Globalization is a country’s growing influence that constitutes an international presence. Globalization often offers augmentation of the availability of jobs to poor households of in that of developing countries. Additionally, it connects to child labor due to the fact that it proliferates the impact of rich countries in the domestic systems of developing third-world countries. Eric V. Edmonds, Professor of Economics at Dartmouth College asserts that the United States economy benefits from the international presence of various companies due to the “inflows of foreign investment or increases in the value of a developing country’s export products.

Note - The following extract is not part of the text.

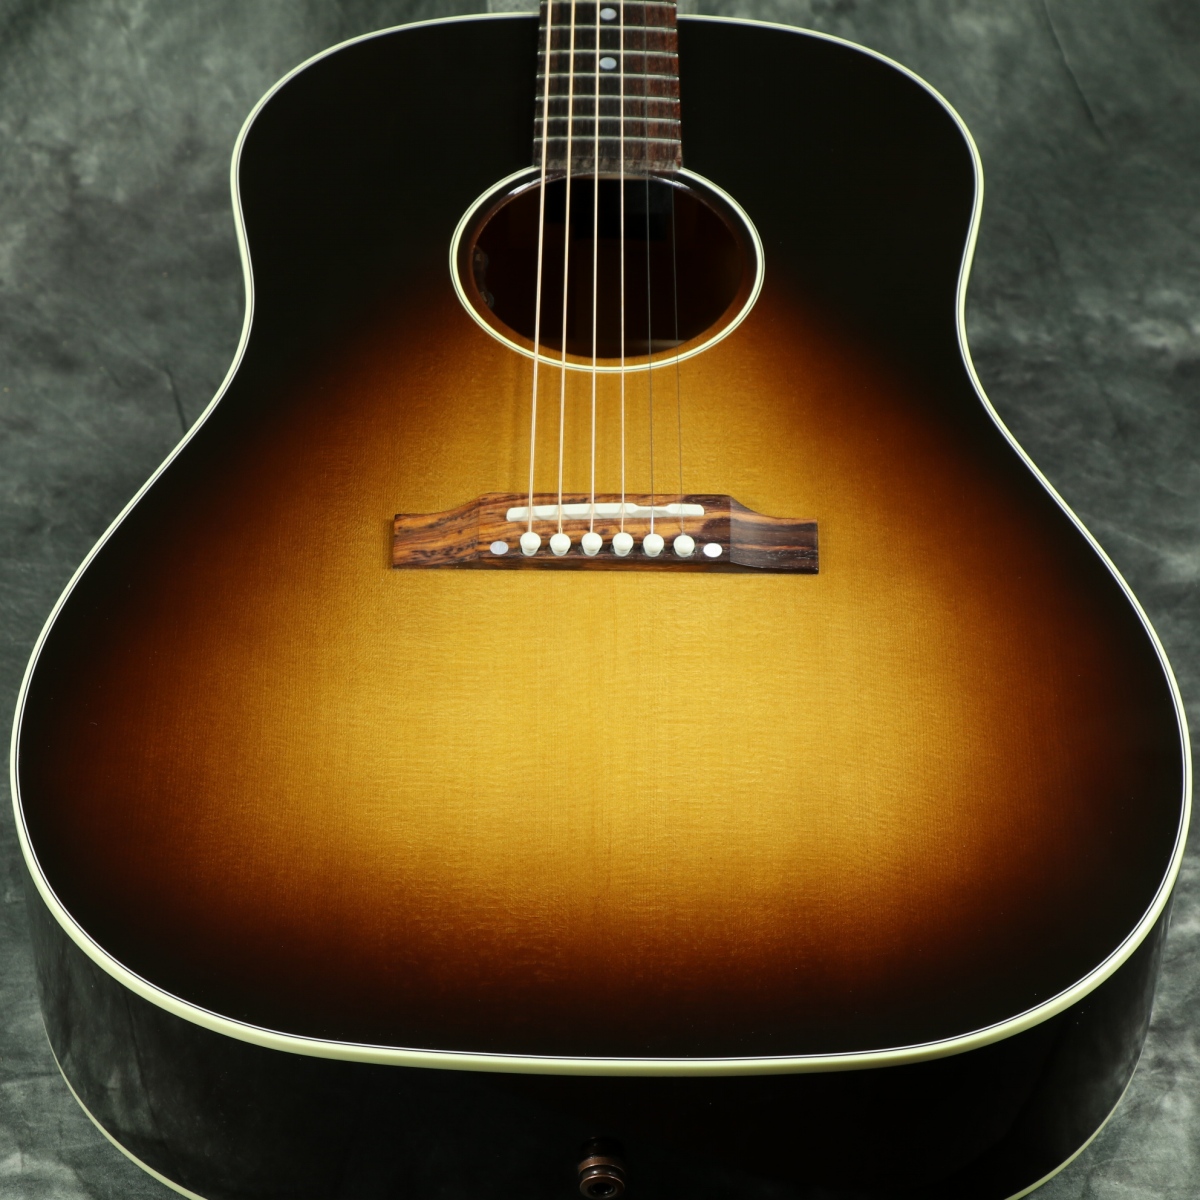 Gibson / Slash J-45 November Burst 【スラッシュシグネイチャー】 ギブソン アコースティックギター フォークギター  アコギ [SN 22391032]

Many of today’s developing countries have a comparative advantage in agriculture, and integration into international markets may increase the price of the export product to international levels. Thus, trade liberalization may increase employment and wages in these agricultural export sectors. (Edmonds, Eric V.).” The changes that surface once a company enforce themselves upon a country of different demographics, there is an increase in child labor that stems from globalization.

Strengthening earning opportunities increases the demand for labor, hence wages paid to children. Diffusely, the increased earning predicaments offered to parents may change the types of work that are performed by parents. Children may be forced to take over some of the activities usually performed by the adults within their household.